JERUSALEM: L'armée israélienne a appelé mercredi à l'évacuation de 12 villages du sud du Liban, avant de probables frappes visant selon elle le mouvement pro-iranien Hezbollah.

"Pour votre sécurité, vous devez évacuer vos maisons immédiatement et vous éloigner (...) d'au moins 1.000 mètres vers des zones dégagées", a écrit sur son compte X Avichai Adraee, le porte-parole de l'armée israélienne en langue arabe.

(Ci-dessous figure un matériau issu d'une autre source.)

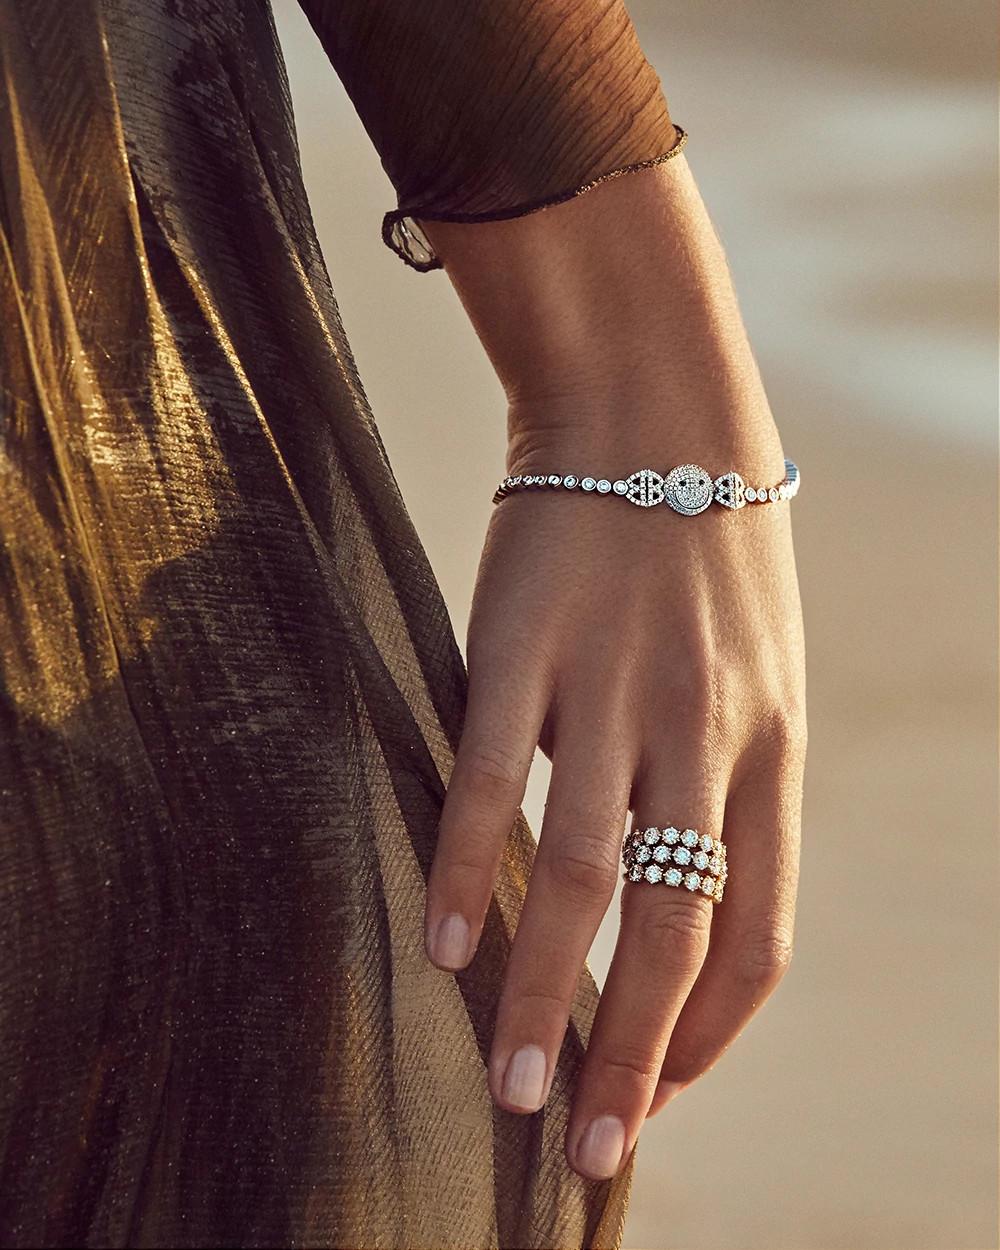 安娜佩戴Jade Trau Catherine Eternity No. 3 天然钻石戒指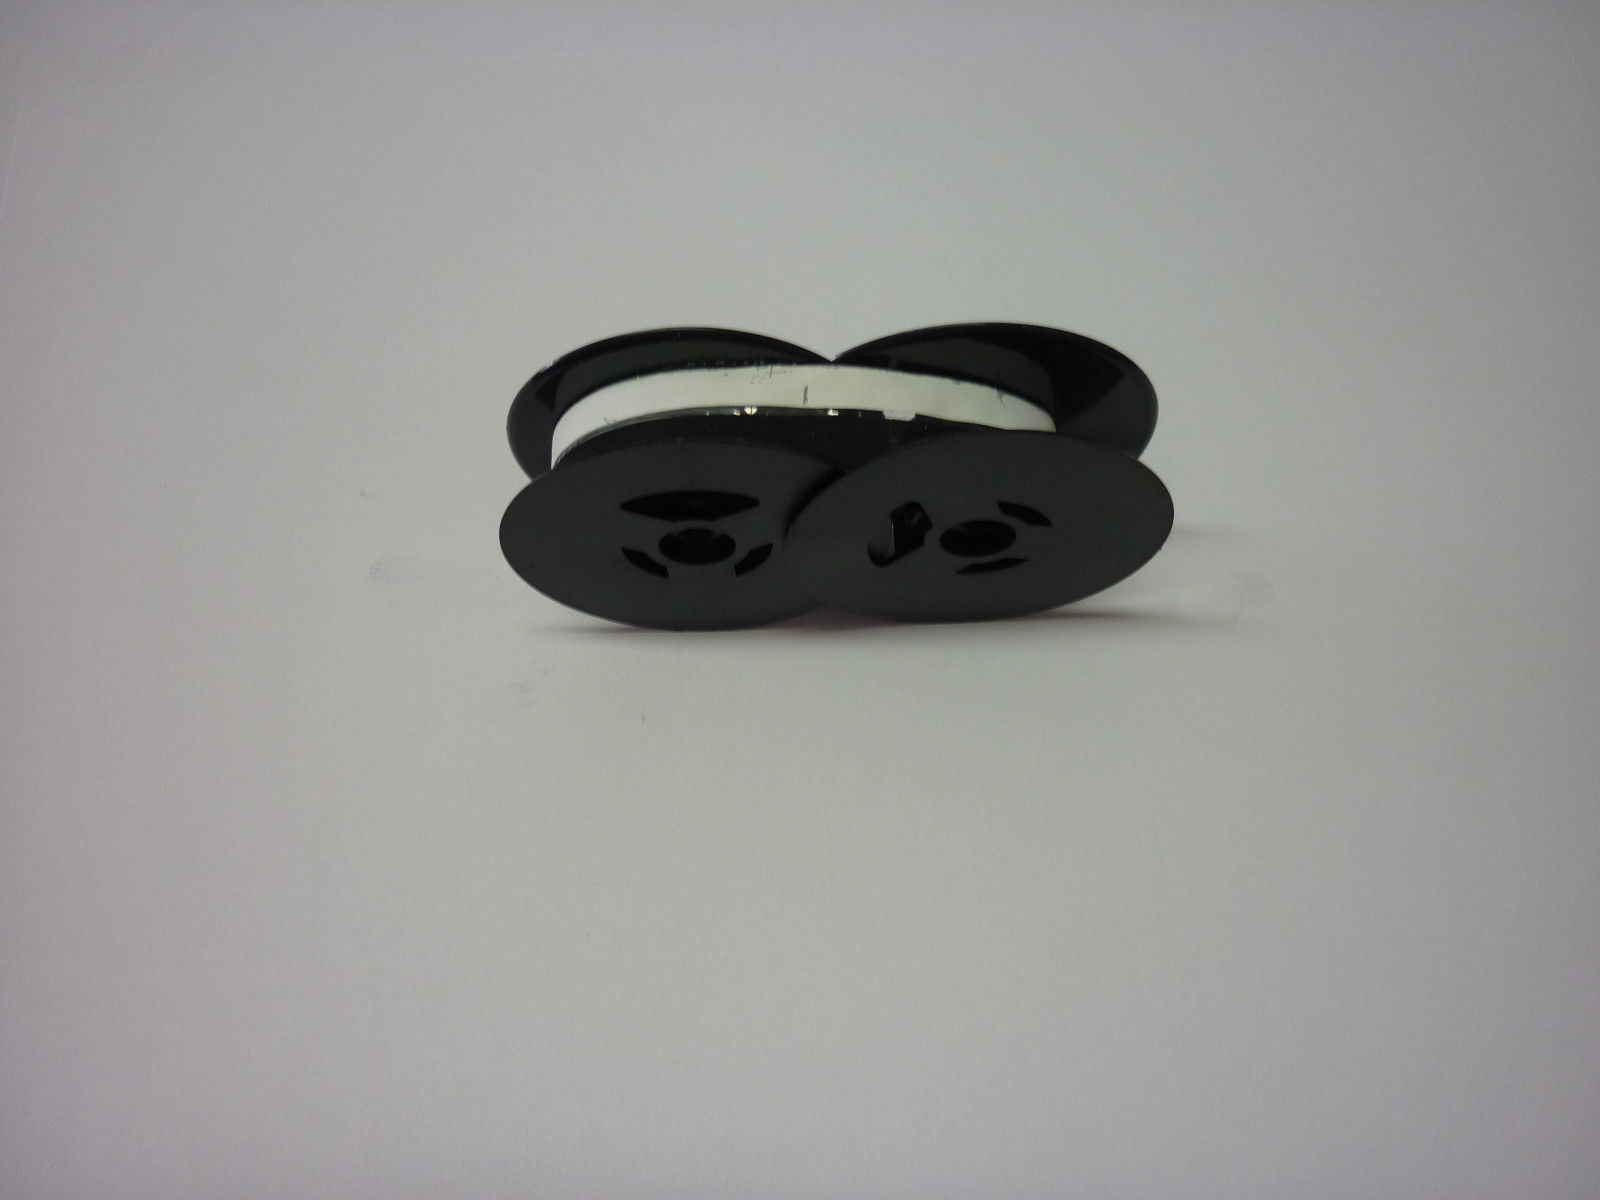 Underwood 555 Standard Typewriter Ribbon Black and White Correcting Twin Spool

Israël et le Hezbollah s'accusent régulièrement de violer le cessez-le-feu, entré en vigueur le 17 avril.

Israël affirme avoir le droit selon les termes de la trêve de frapper à l'intérieur d'un secteur délimité par une "ligne jaune" qu'elle appelle "zone de sécurité", qui s'étend sur une dizaine de km depuis la frontière.

La plupart des villages désignés par le porte-parole se trouvent cependant bien au-delà de cette zone.

Plus de 2.700 personnes ont été tuées dans les frappes israéliennes depuis le début de la guerre entre Israël et le Hezbollah le 2 mars, selon les autorités libanaises. L'armée israélienne a dénombré 17 soldats et un contractuel tués dans le sud du Liban.